Across the whole listing, return each line exactly, with no images included.
[AVAILABLE DATA — start]
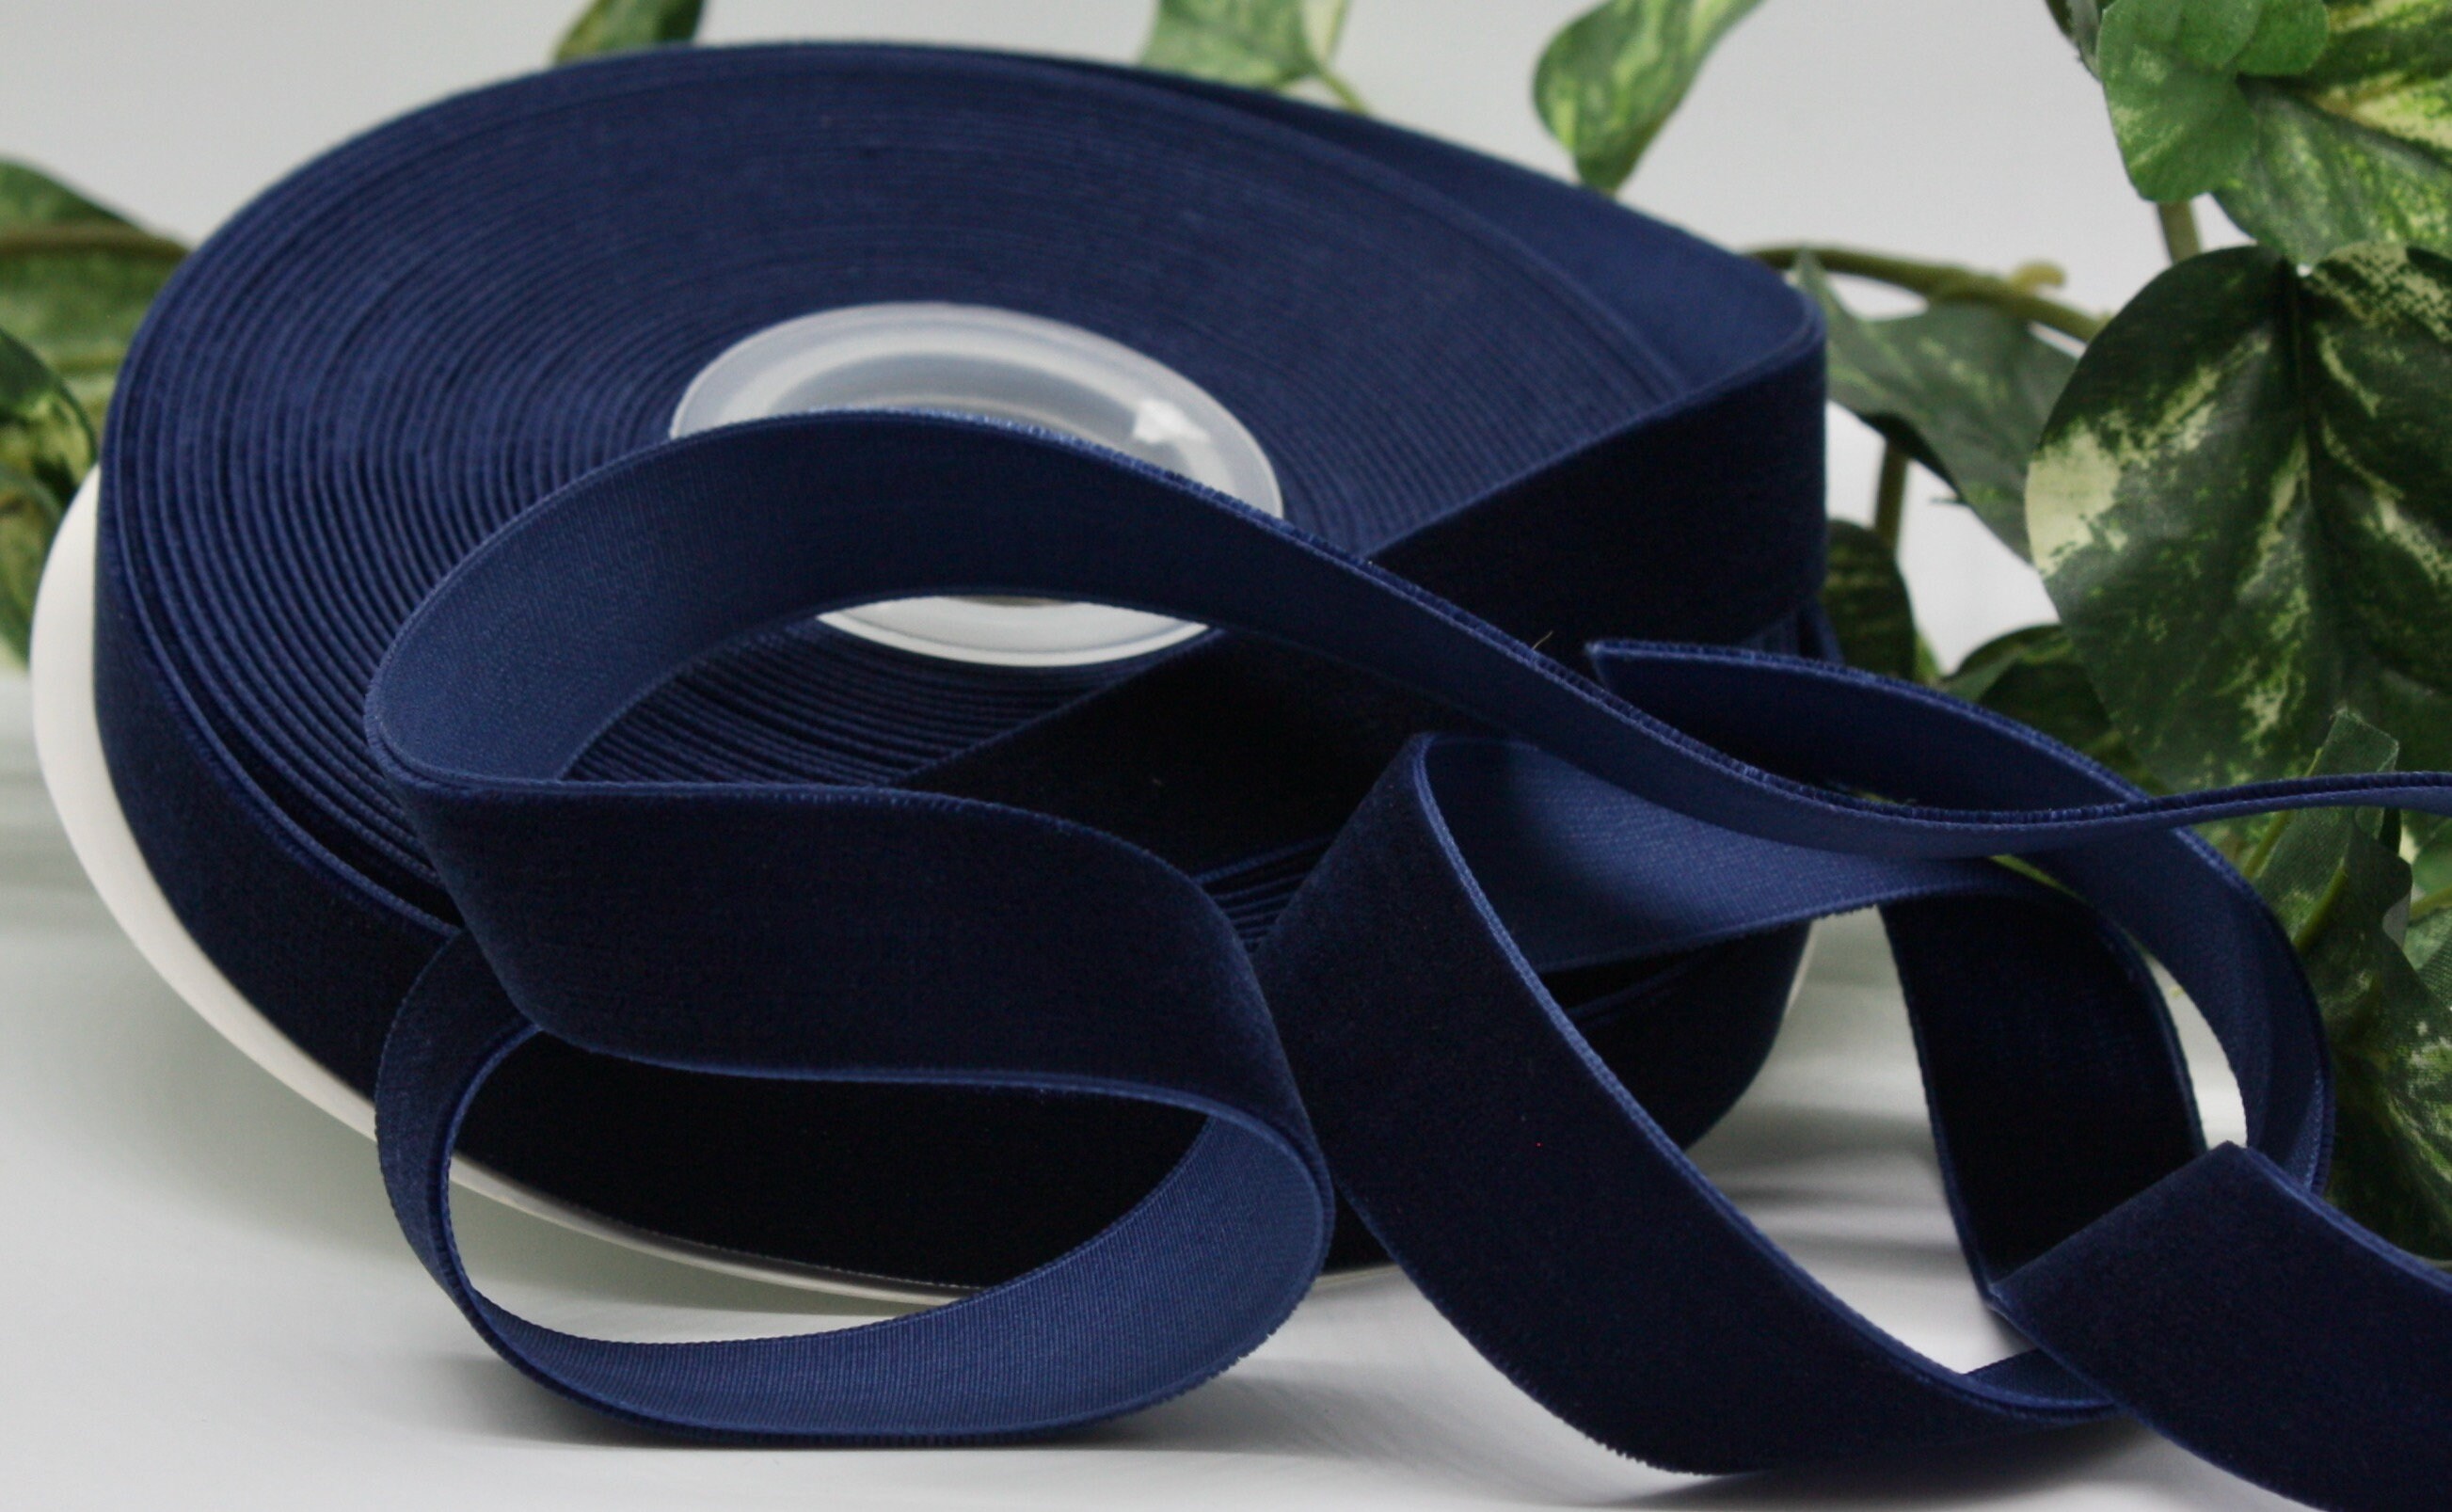 2 Yards Navy Silk Ribbon 1/8 Wide Ribbon Weddings, Invitations, Gift Wrap,  Trim, Scrapbooking, Party Supplies by the Yard 
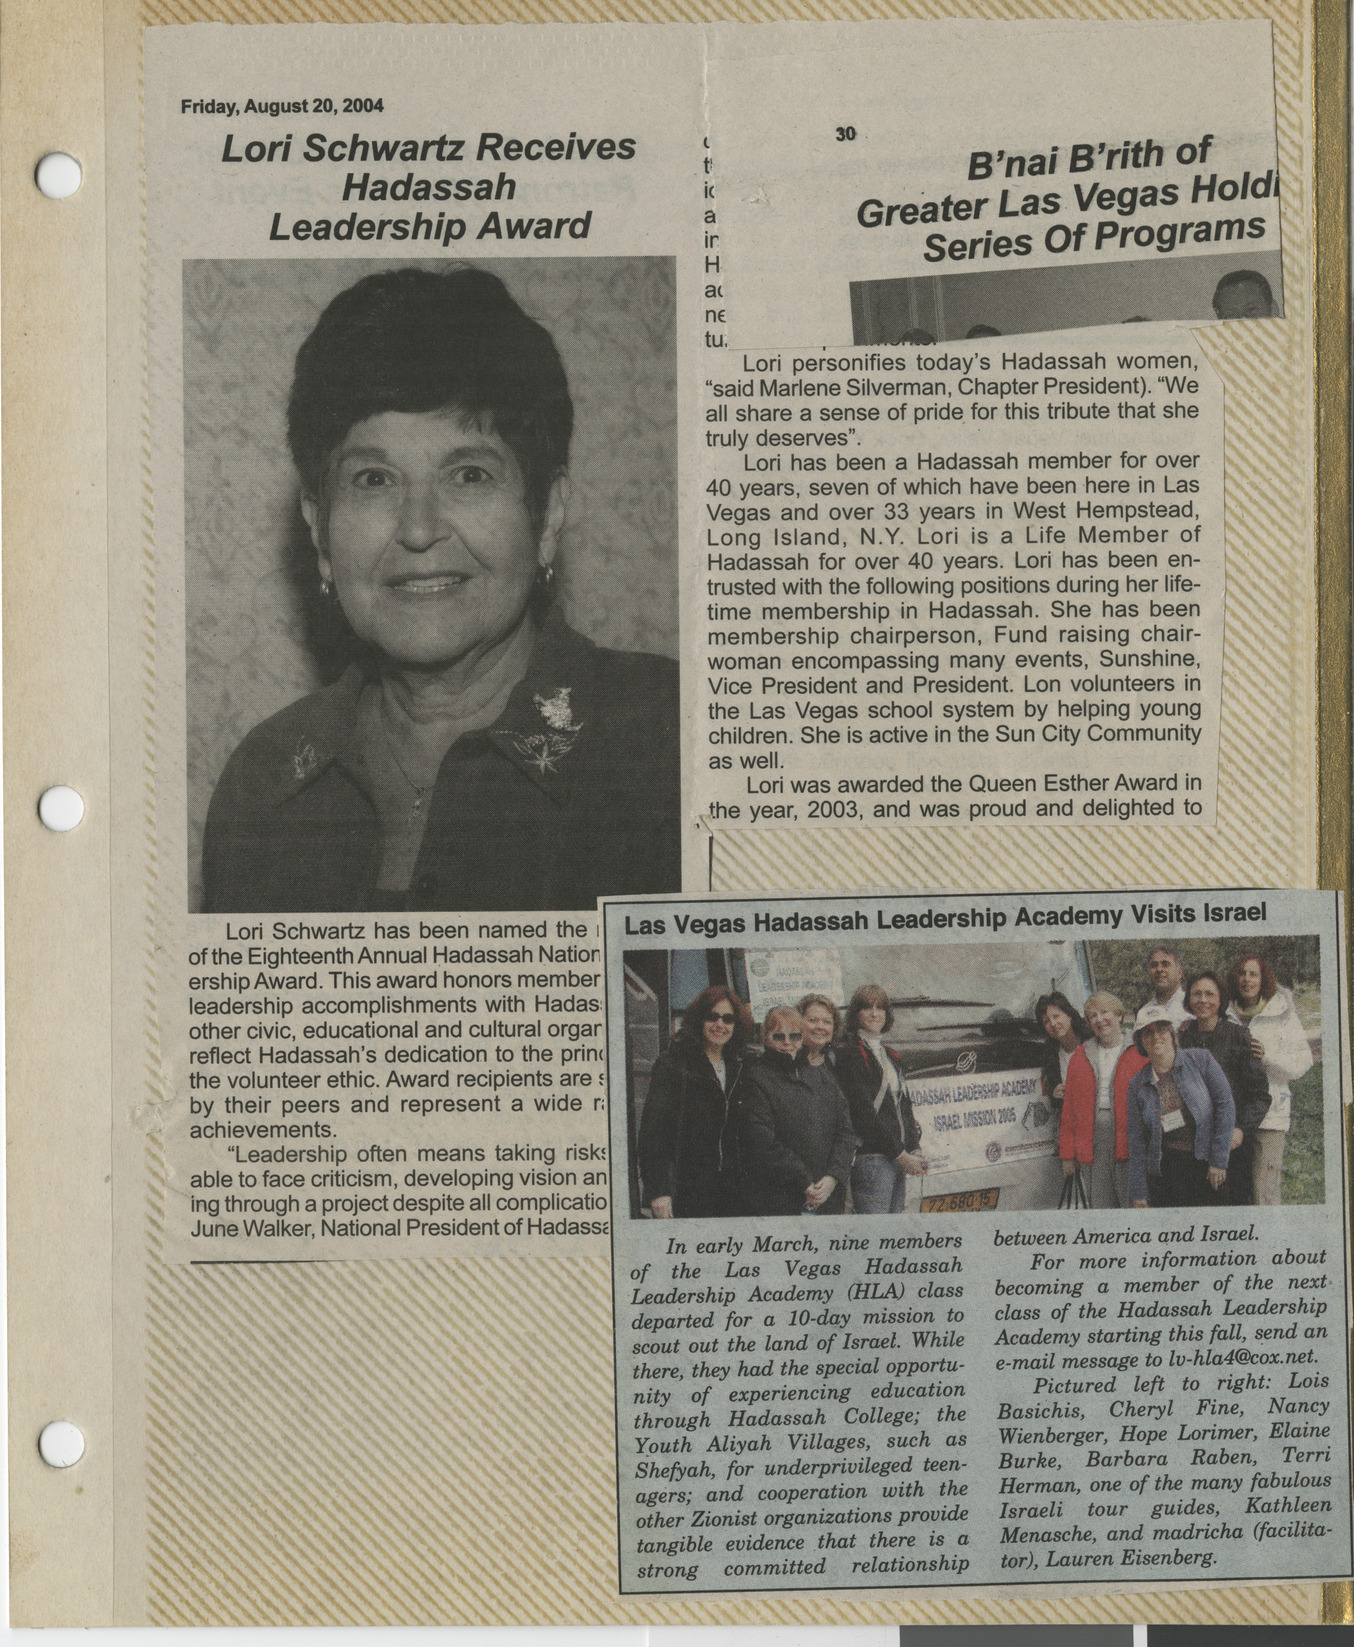 Newspaper clippings for Hadassah events, date unknown
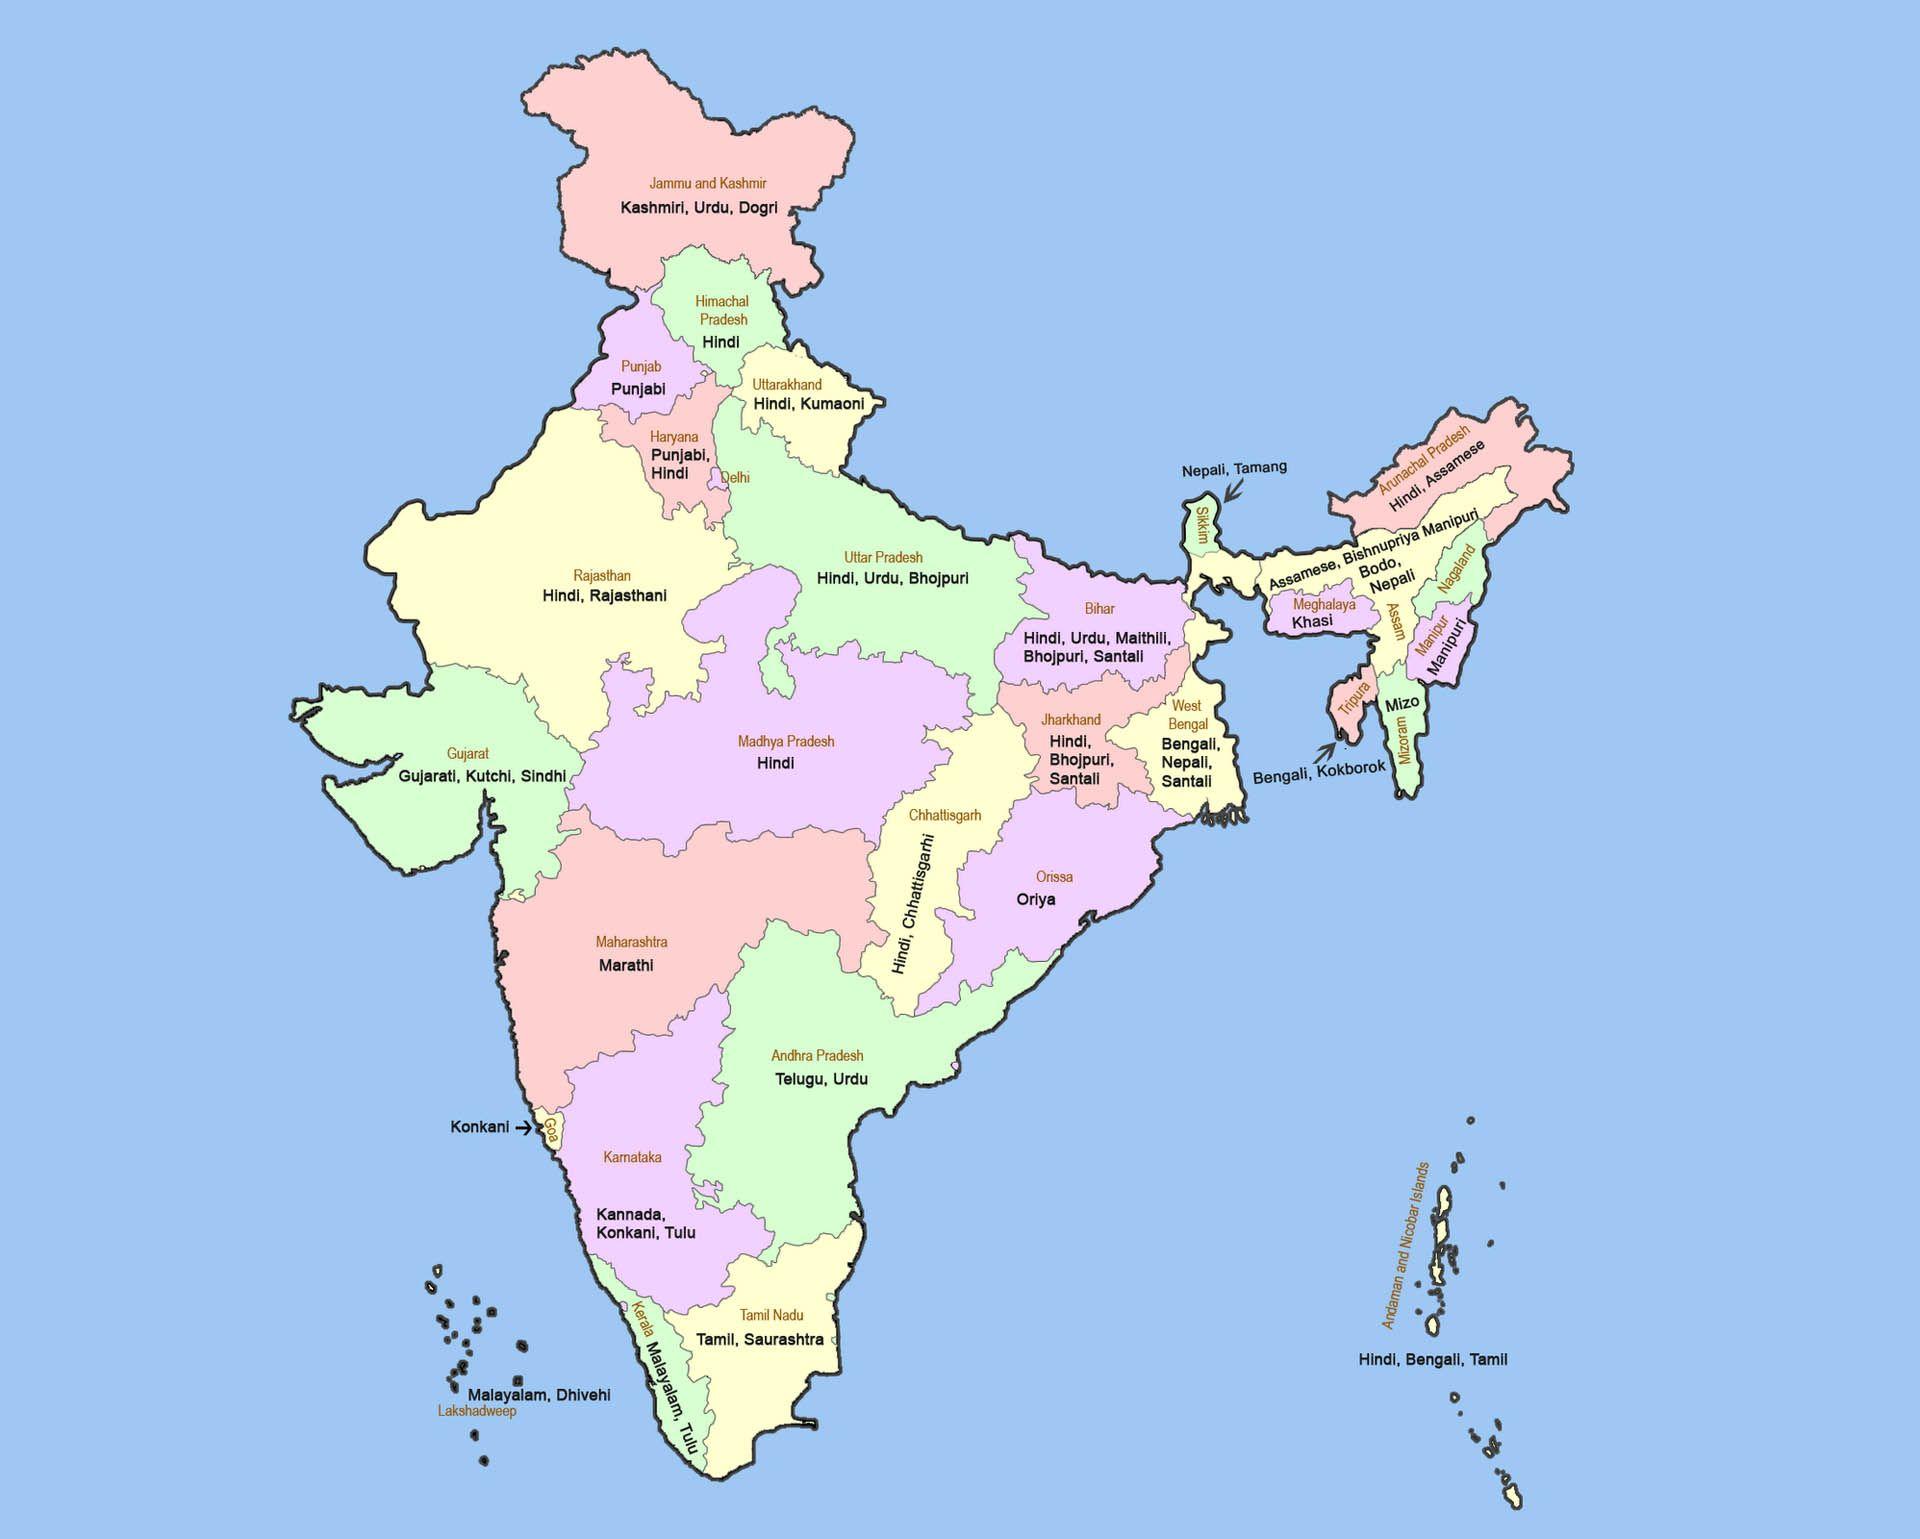 India Map Photo, Download India Map Wallpaper, Download Free
[AVAILABLE DATA — finish]
*WRITTEN REPLY*.
 2 Yards Navy Silk Ribbon 1/8 Wide Ribbon Weddings, Invitations, Gift Wrap,  Trim, Scrapbooking, Party Supplies by the Yard 
 Newspaper clippings for Hadassah events, date unknown
 India Map Photo, Download India Map Wallpaper, Download Free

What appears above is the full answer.